Data:

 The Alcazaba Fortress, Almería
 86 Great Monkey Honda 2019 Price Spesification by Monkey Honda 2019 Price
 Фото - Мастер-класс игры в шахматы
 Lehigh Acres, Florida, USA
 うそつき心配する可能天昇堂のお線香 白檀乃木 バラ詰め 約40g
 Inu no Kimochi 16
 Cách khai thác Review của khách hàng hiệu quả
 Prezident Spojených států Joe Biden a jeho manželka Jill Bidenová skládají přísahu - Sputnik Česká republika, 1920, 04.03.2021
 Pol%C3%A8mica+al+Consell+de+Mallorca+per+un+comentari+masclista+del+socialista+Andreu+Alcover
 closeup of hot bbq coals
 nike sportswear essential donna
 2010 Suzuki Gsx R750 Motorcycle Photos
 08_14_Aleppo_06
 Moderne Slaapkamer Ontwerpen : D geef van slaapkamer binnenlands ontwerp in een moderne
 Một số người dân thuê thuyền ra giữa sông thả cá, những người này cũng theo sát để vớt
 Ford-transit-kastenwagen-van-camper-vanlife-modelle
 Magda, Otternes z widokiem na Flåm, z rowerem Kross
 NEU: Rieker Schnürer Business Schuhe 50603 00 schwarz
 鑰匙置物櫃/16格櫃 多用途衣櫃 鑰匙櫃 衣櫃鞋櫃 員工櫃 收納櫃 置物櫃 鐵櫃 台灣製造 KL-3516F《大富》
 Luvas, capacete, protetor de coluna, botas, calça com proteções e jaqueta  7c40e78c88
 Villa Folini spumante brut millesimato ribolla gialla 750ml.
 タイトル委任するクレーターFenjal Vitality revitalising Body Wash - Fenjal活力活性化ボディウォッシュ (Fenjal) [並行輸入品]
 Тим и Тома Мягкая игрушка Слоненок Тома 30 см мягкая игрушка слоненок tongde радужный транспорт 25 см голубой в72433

Your instructions: Within the data above, the span starting at the line containing "Inu no Kimochi 16" and ending at the line containing "Ford-transit-kastenwagen-van-camper-vanlife-modelle" is to be retyped exactly, with no other lines.

Answer below:
 Inu no Kimochi 16
 Cách khai thác Review của khách hàng hiệu quả
 Prezident Spojených států Joe Biden a jeho manželka Jill Bidenová skládají přísahu - Sputnik Česká republika, 1920, 04.03.2021
 Pol%C3%A8mica+al+Consell+de+Mallorca+per+un+comentari+masclista+del+socialista+Andreu+Alcover
 closeup of hot bbq coals
 nike sportswear essential donna
 2010 Suzuki Gsx R750 Motorcycle Photos
 08_14_Aleppo_06
 Moderne Slaapkamer Ontwerpen : D geef van slaapkamer binnenlands ontwerp in een moderne
 Một số người dân thuê thuyền ra giữa sông thả cá, những người này cũng theo sát để vớt
 Ford-transit-kastenwagen-van-camper-vanlife-modelle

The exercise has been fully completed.